James Earl Jones gives us Camille Saint-Saens “Carnival of the Animals” and a bauble featuring flamingos horsing around with a yo-yo, creating havoc.  It is without doubt the films lightest vignette – a celebration of pure silliness – but with the requisite shafts of light and water imagery.  Longing, after all, can be a joyous experience. 

Magicians Penn and Teller introduce the films holdover from the original FANTASIA – Dukas’ “The Sorcerer’s Apprentice” and its famous setpiece of Mickey Mouse (with the aid of bewitched broomsticks) inadvertently swamping the Sorcerer’s home with torrents of water.  Sunbeams are always peaking through the doors and windows and of course, there is that giant butterfly conjured in the Sorcerer’s smoke.  Thematically, this is an excellent choice for the new film, as well as being the best sequence in both the original and sequel. 

You may not be expecting animals marching onto Noah’s ark as James Levine introduces Edward Elgar’s “Pomp and Circumstance” – but that is exactly what you get.  This charming episode combines all the previous imagery of the film – water, shafts of light, animals – into a strangely moving story of Donald Duck coordinating the boarding of the animals for Noah.  Donald fears his beloved Daisy has been left behind, culminating in a touching reunion. 
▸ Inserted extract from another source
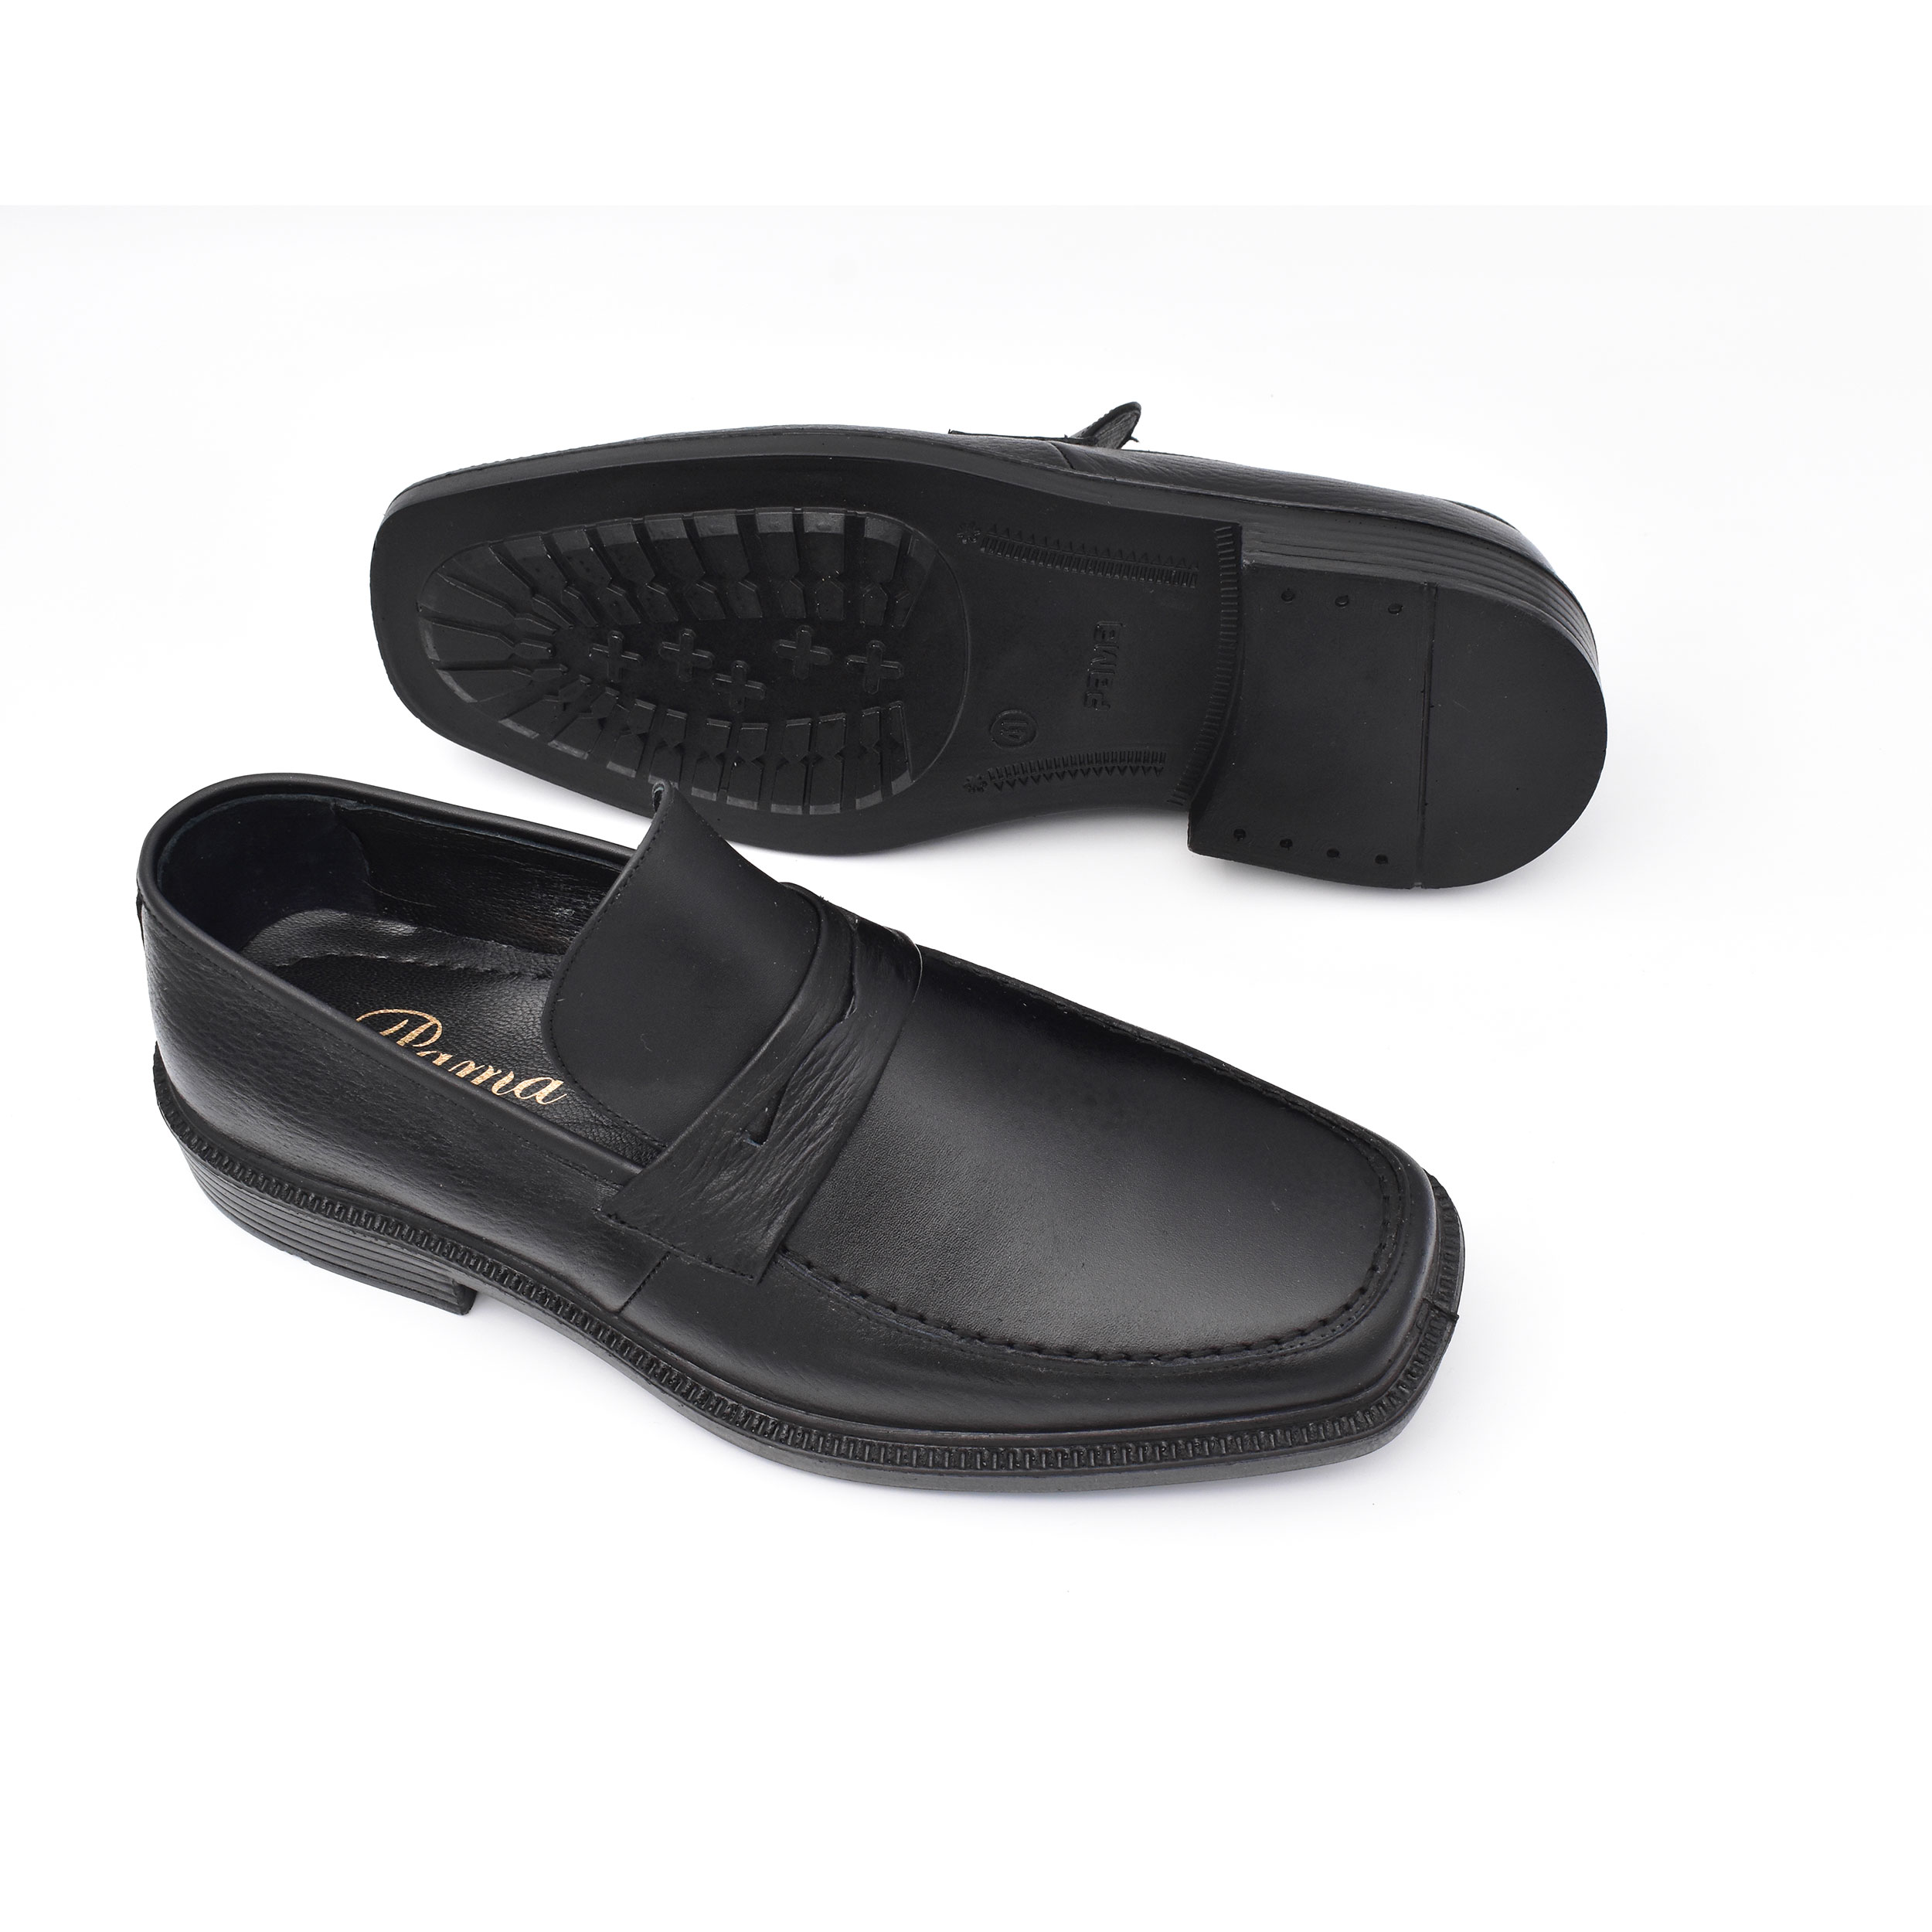 کفش مردانه پاما مدل Oscar کد G1189 -  - 6

As life, death and renewal are the themes of Noah’s ark, these metaphysical events are also the main thrust of the film’s final segment: Stravinsky’s “The Firebird” introduced by Angela Lansbury.  Spiritual longing and rebirth are once again represented through  symbolism – especially an imposing Elk, which breathes on an icicle at winter’s end, causing it to melt, droplets of water falling to the ground.  The seminal drops give birth to a lovely maiden who further replenishes the earth only to face off against an erupting volcano – the “firebird”  of the title.  Once again the landscape is devastated, leading to rebirth. 

The astounding power of nature is the overall message of FANTASIA 2000.  If the original film celebrated christianity (take note of the final “Ave Maria” segment) this newer work exalts mother nature – unabashedly so.  I will leave it to the reader to decide the merits of this choice by the filmmakers.  But it can safely be said that this is a film for a new era.  While the establishment does not care for its artistic aspects, they certainly approve of the new religion.  Things have changed since Walt’s day.    

CREDITS: Produced by Donald W. Ernst.  Executive Producer: Roy Disney.  Directors (in order of their segments): Pixote Hunt. Hendel Butoy. Eric Goldberg. Hendel Butoy. Eric Goldberg. James Algar. Francis Glebas. Gaetan Brizzi, Paul Brizzi.  Music Director: James Levine.  Production Design by Pixote Hunt.  Hosts: Steve Martin, Itzhak Perlman, Quincy Jones, Bette Midler, James Earl Jones, Penn and Teller, James Levine, Angela Lansbury.